Marcus Vick

Marcus Vick

Marcus Deon Vick (born March 20, 1984) is a former professional football player. He is the younger brother of Philadelphia Eagles quarterback Michael Vick, who also began playing high school football in Newport News Public Schools. After accepting a full scholarship to attend Virginia Tech, Marcus played quarterback for the team. However, he was suspended for the entire 2004 season due to many criminal convictions. After a conditional reinstatement, he started every game in the 2005 season, but was involved in several highly-publicized incidents during the season, including the display of his middle finger to the crowd and stomping on the leg of Louisville's Elvis Dumervil, as well as having additional traffic arrests. In early 2006, he was dismissed from the Virginia Tech football program "due to a cumulative effect of legal infractions and unsportsmanlike play". Vick then declared himself eligible for the NFL spring draft in 2006, but was not selected. He was later signed by the Miami Dolphins as an undrafted free agent but was released from the team on May 1, 2007. In November 2012, after the Eagles loss to the New Orleans Saints on Monday Night Football, Vick made controversial tweets criticizing the Eagles offensive line for troubling Vick's brother Michael, and requesting for him to be traded. The tweets have since been deleted.
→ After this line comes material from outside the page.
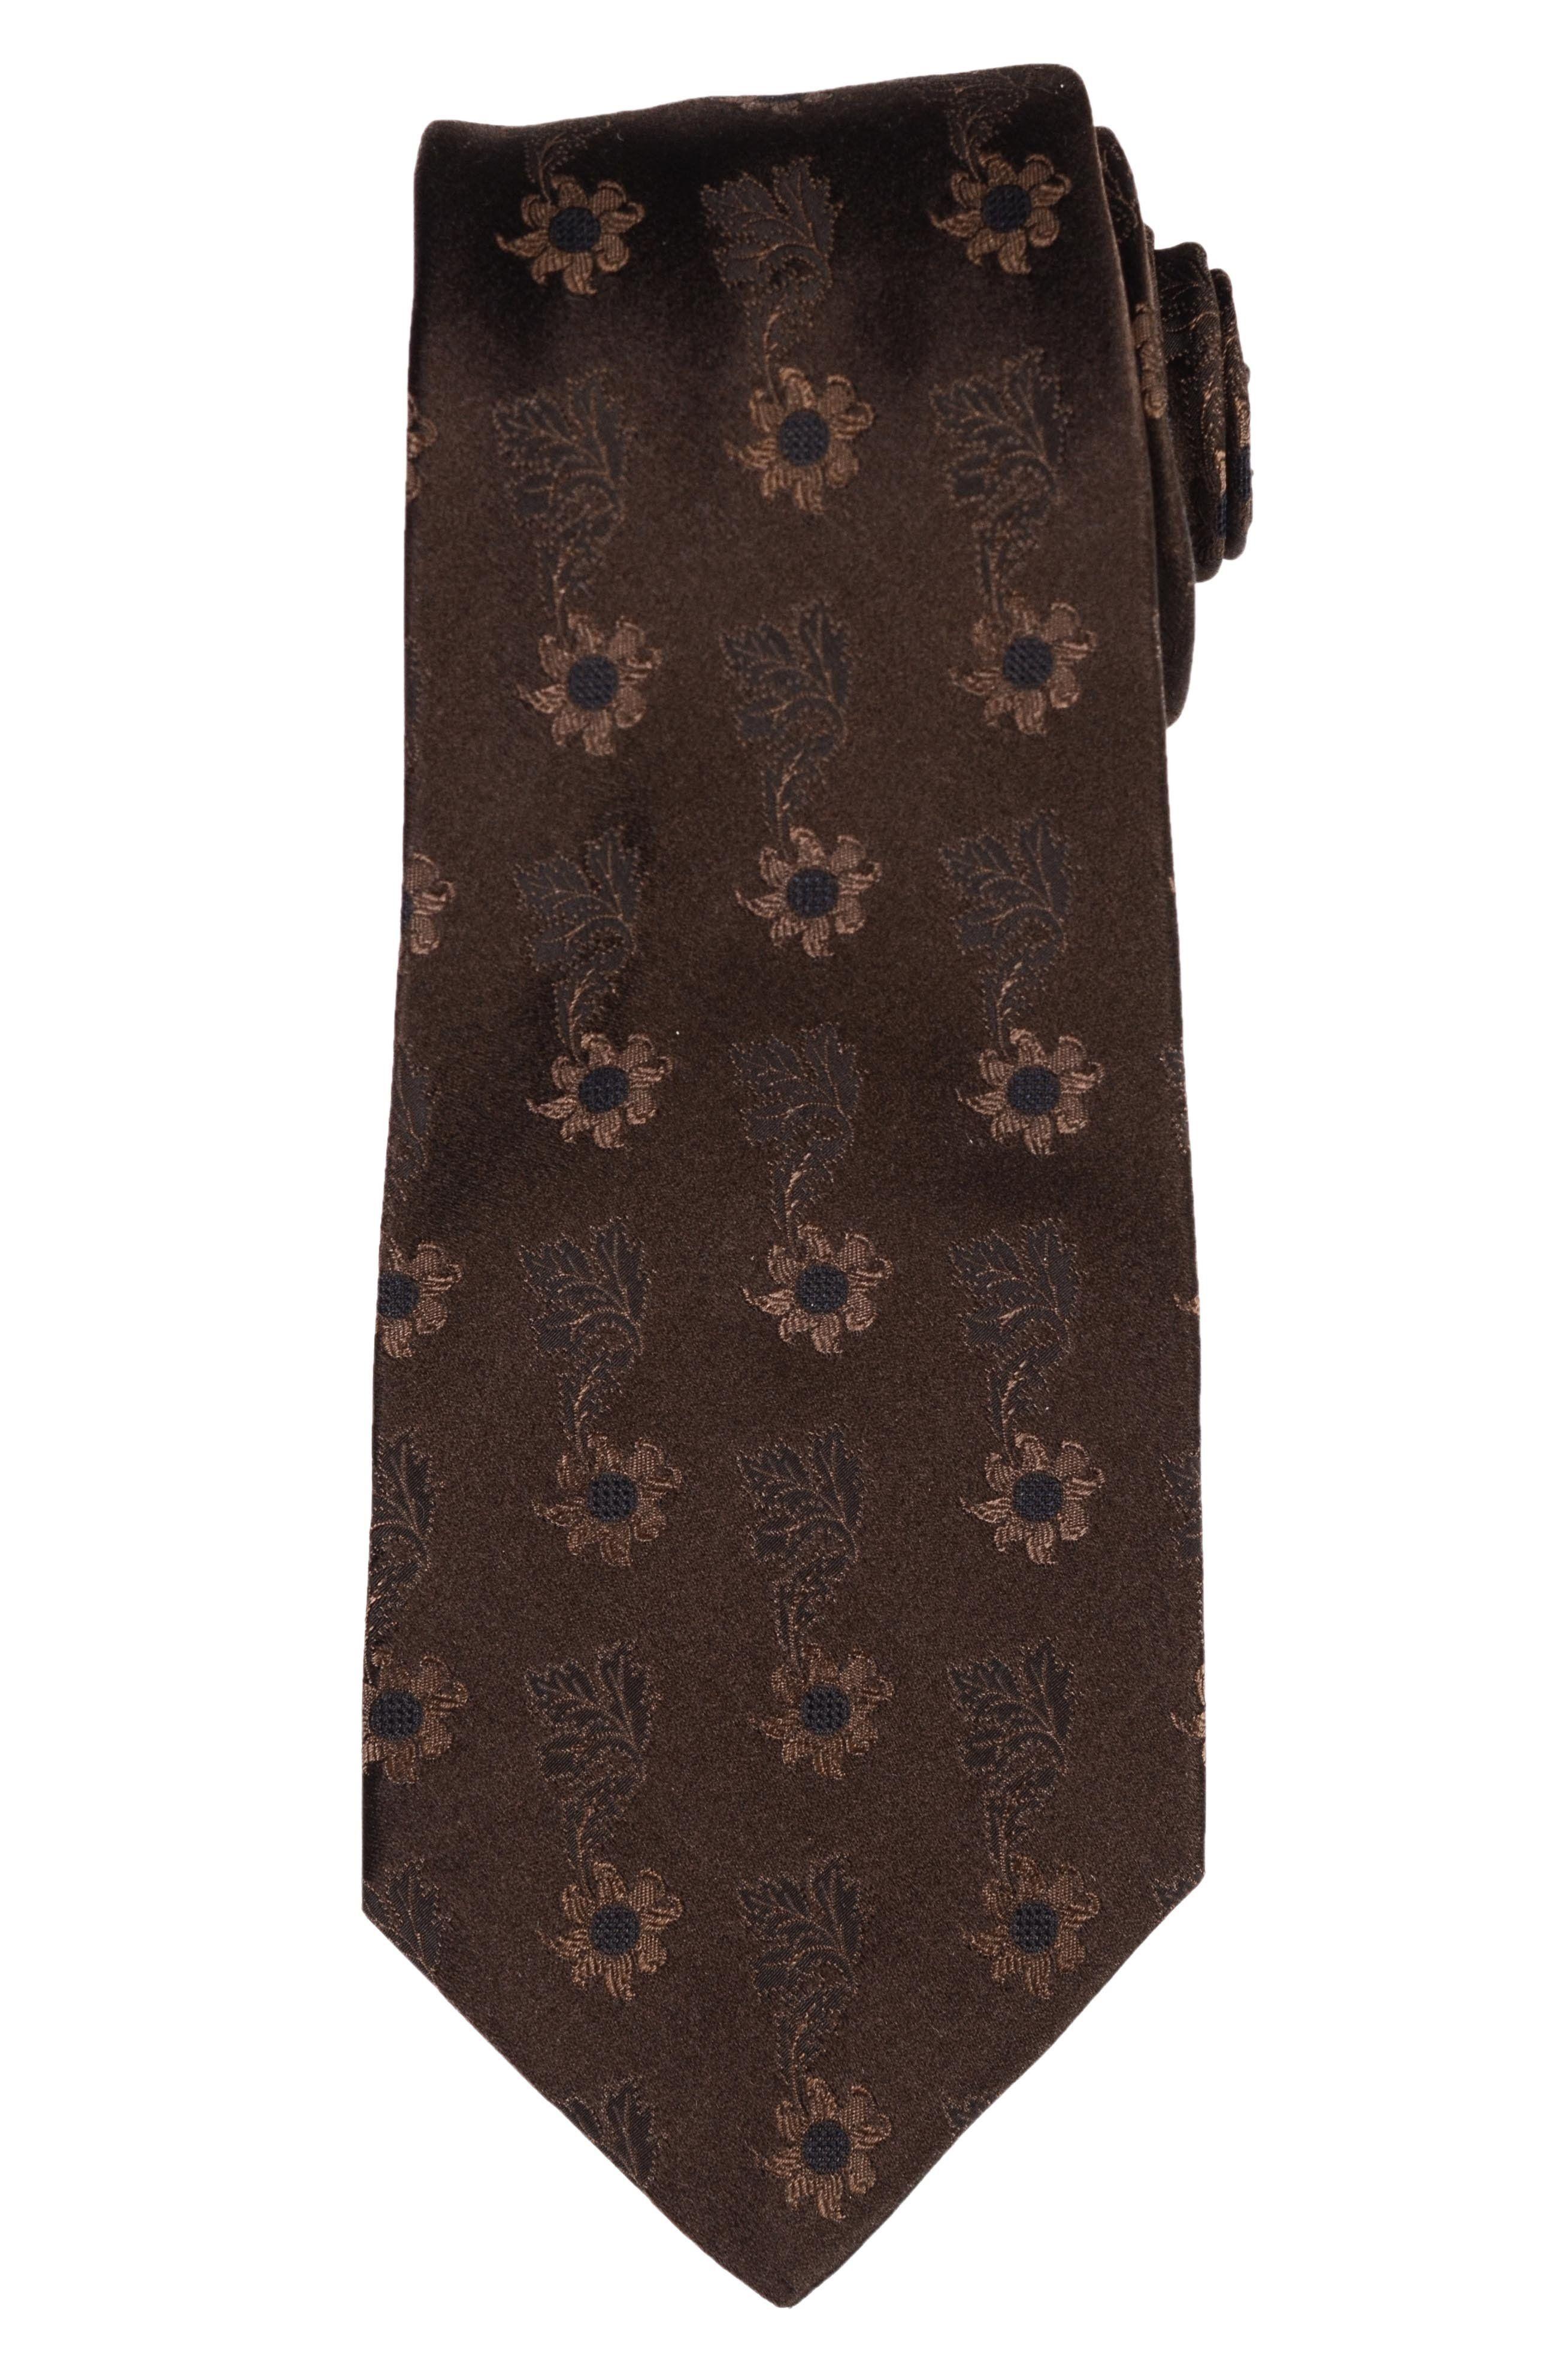 KITON Napoli Hand-Made Seven Fold Burgundy Silk Tie NEW

His legal troubles continued after leaving Virginia Tech, and have included a charge of brandishing a firearm against a group of people, a civil lawsuit involving a juvenile girl who claimed that she was 15 years old (below the legal age of consent in Virginia) when forced into a sexual situation with Vick, who was 20 years old, and additional traffic incidents and arrests in January 2007, February 2008, and June 2008 in the Hampton Roads area. After the June incident in Norfolk, he was convicted of DUI, misdemeanor eluding police, and driving on the wrong side of the road, and on October 20, 2008, received a 12-month suspended jail sentence and $530 in fines, and his privilege to operate motor vehicles in Virginia was suspended for a year.